### Task details:
Print the records below exactly, from the line containing "加州最佳沙漠徒步旅行:凯尔索沙丘小径来源:We Who Roam" down to the line containing "红色大气中国梦文化墙党建文化墙党员活动室文化墙创意设计", both lines included, and omit every picture.

### Records for the exercise:
=====

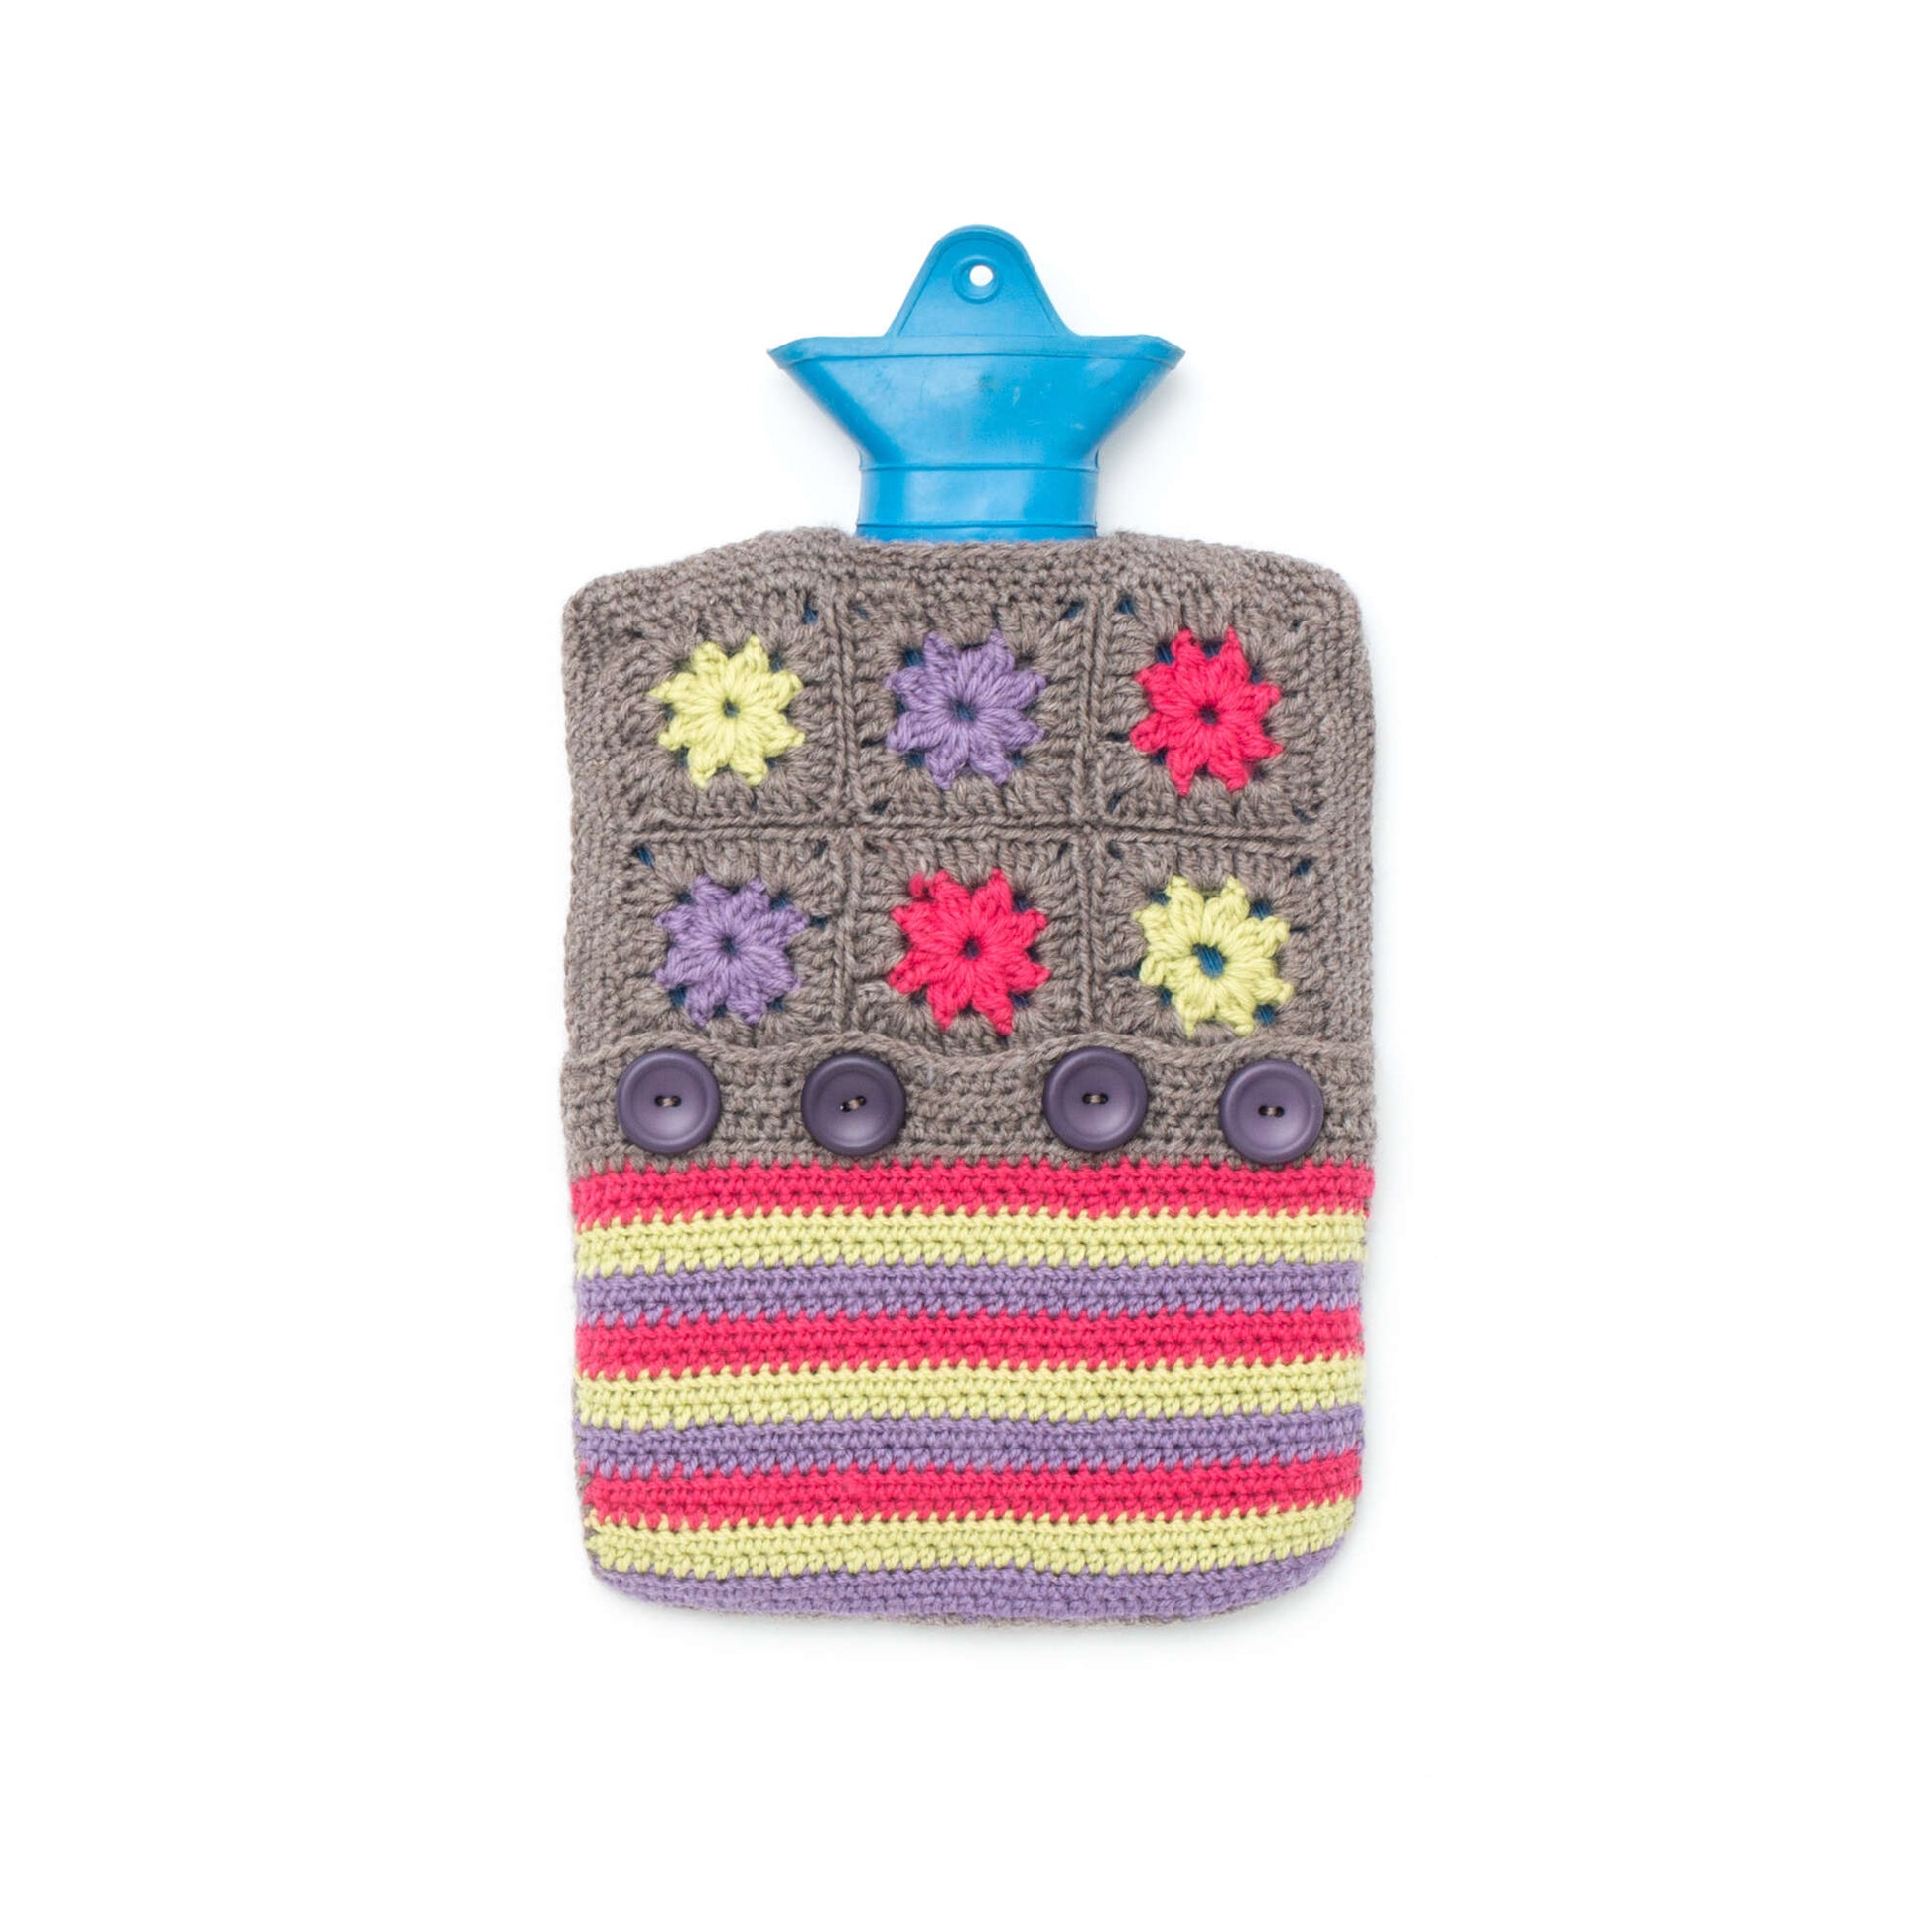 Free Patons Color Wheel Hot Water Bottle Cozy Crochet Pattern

=====

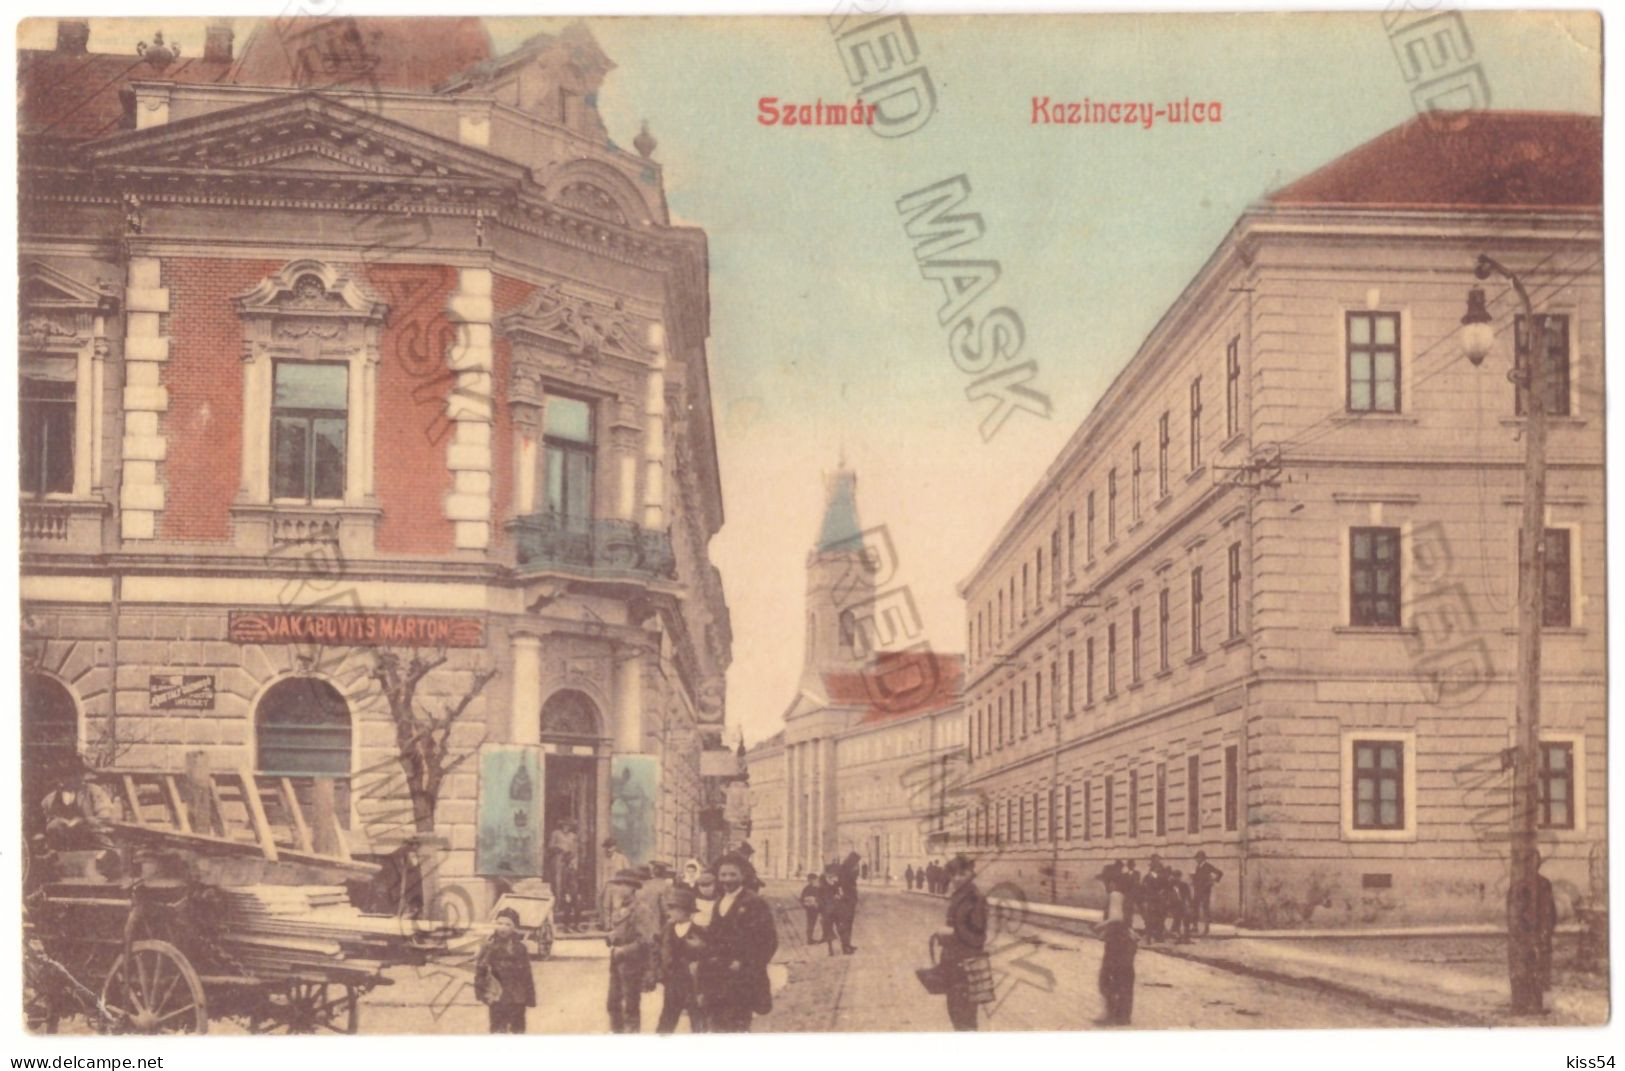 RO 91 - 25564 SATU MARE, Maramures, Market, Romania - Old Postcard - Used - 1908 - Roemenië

=====

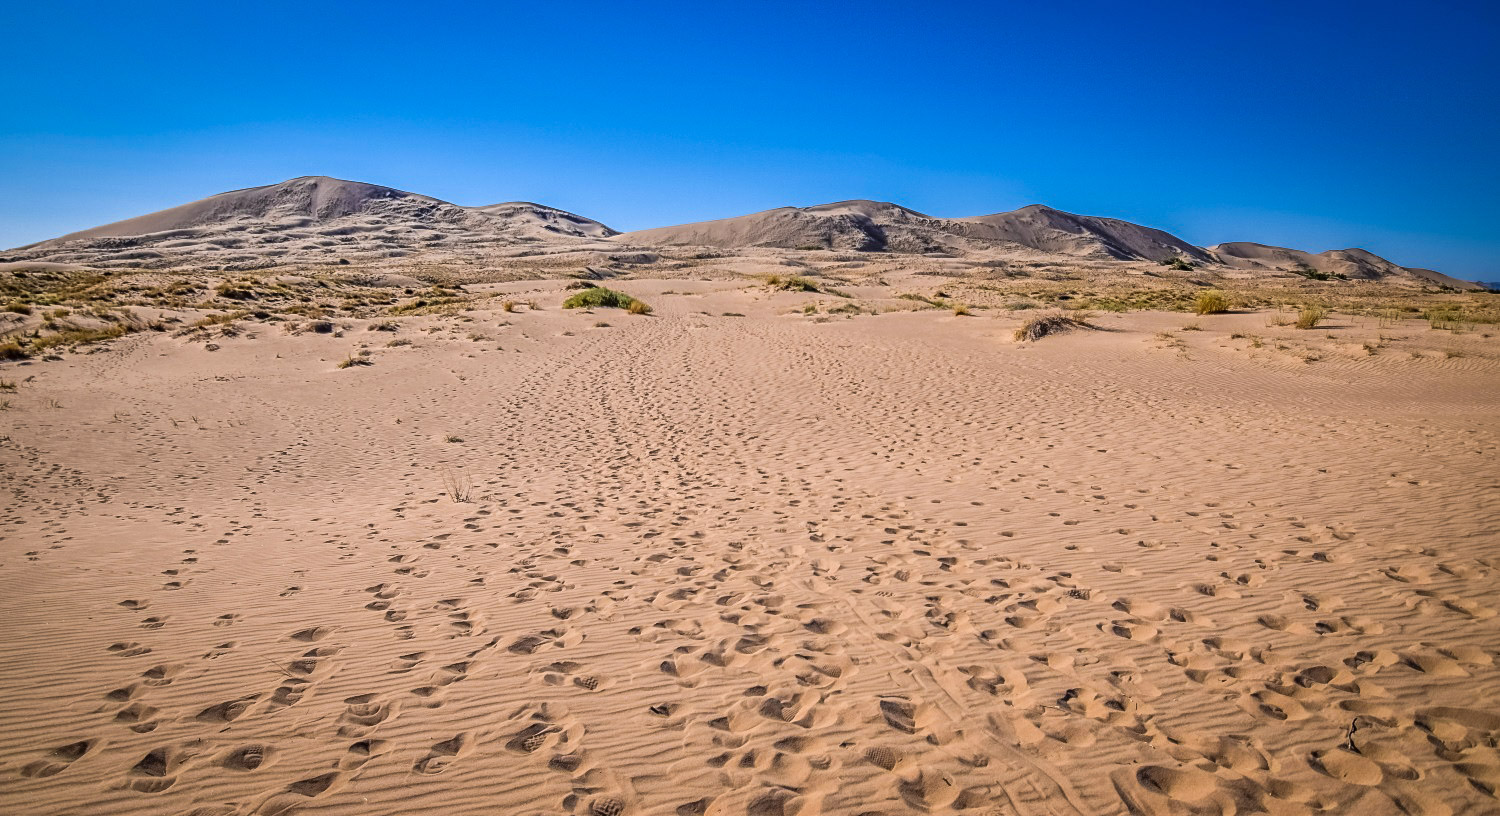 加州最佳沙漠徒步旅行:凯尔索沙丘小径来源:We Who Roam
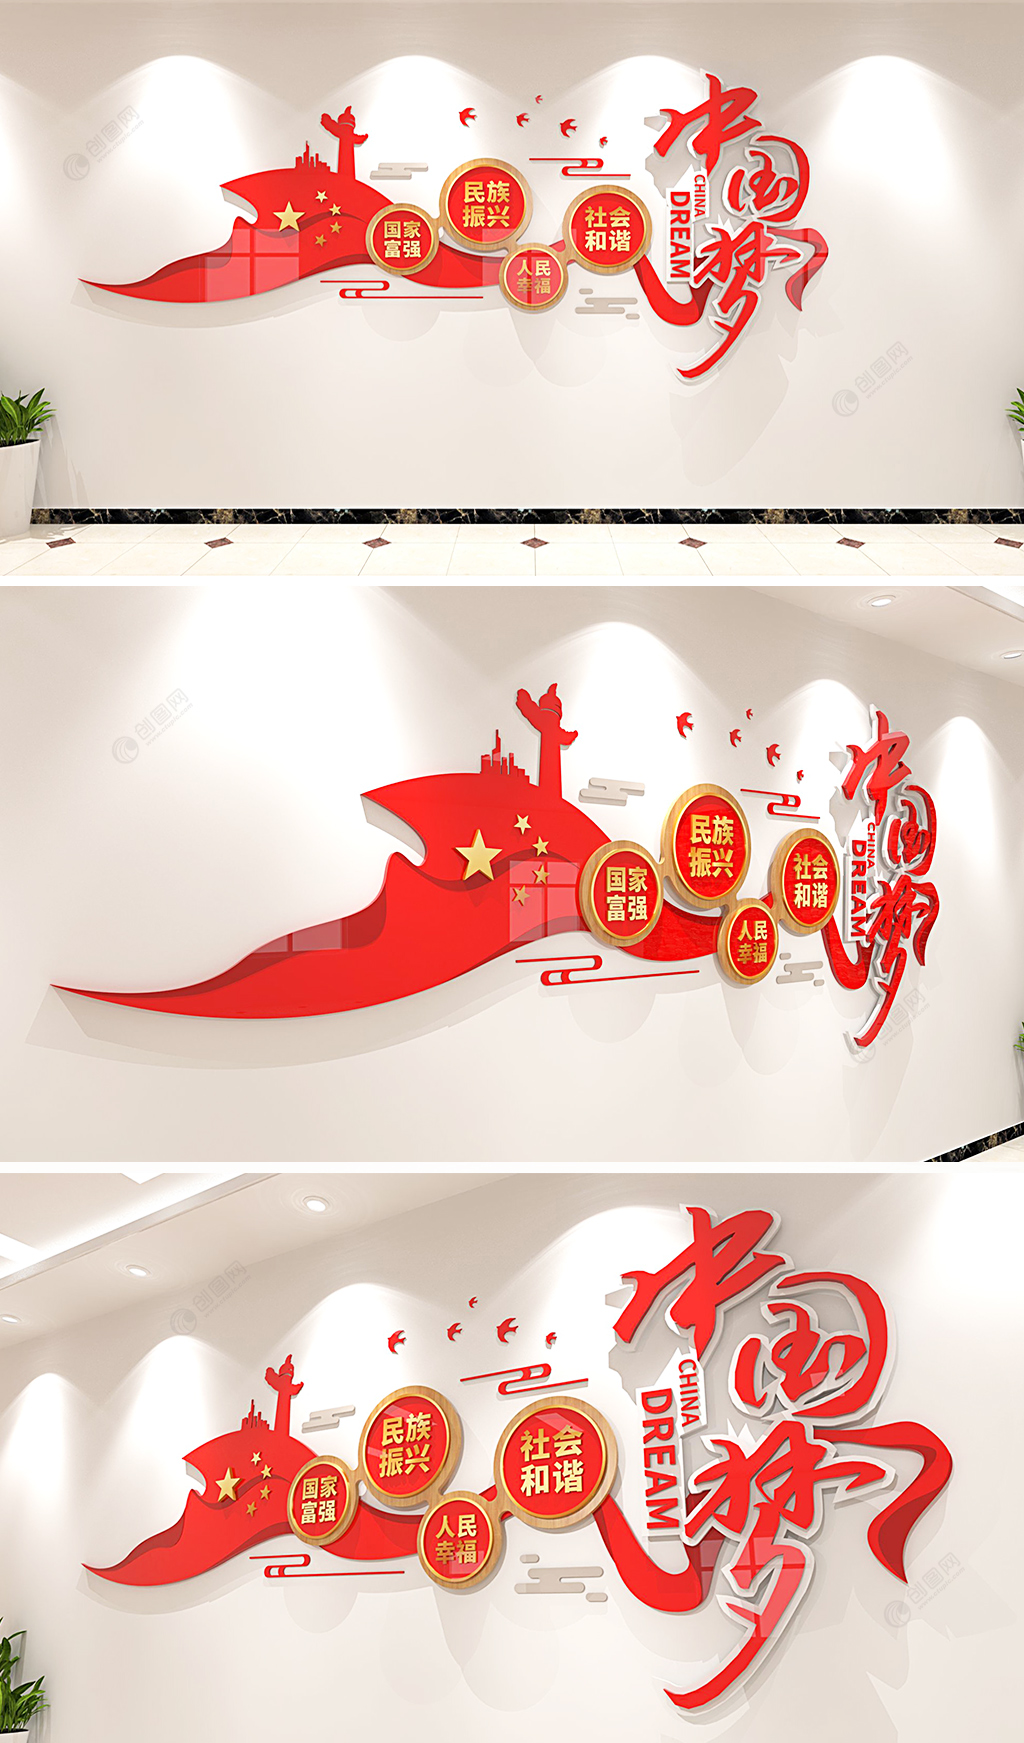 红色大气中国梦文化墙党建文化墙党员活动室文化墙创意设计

=====

### Answer space:
 加州最佳沙漠徒步旅行:凯尔索沙丘小径来源:We Who Roam
 红色大气中国梦文化墙党建文化墙党员活动室文化墙创意设计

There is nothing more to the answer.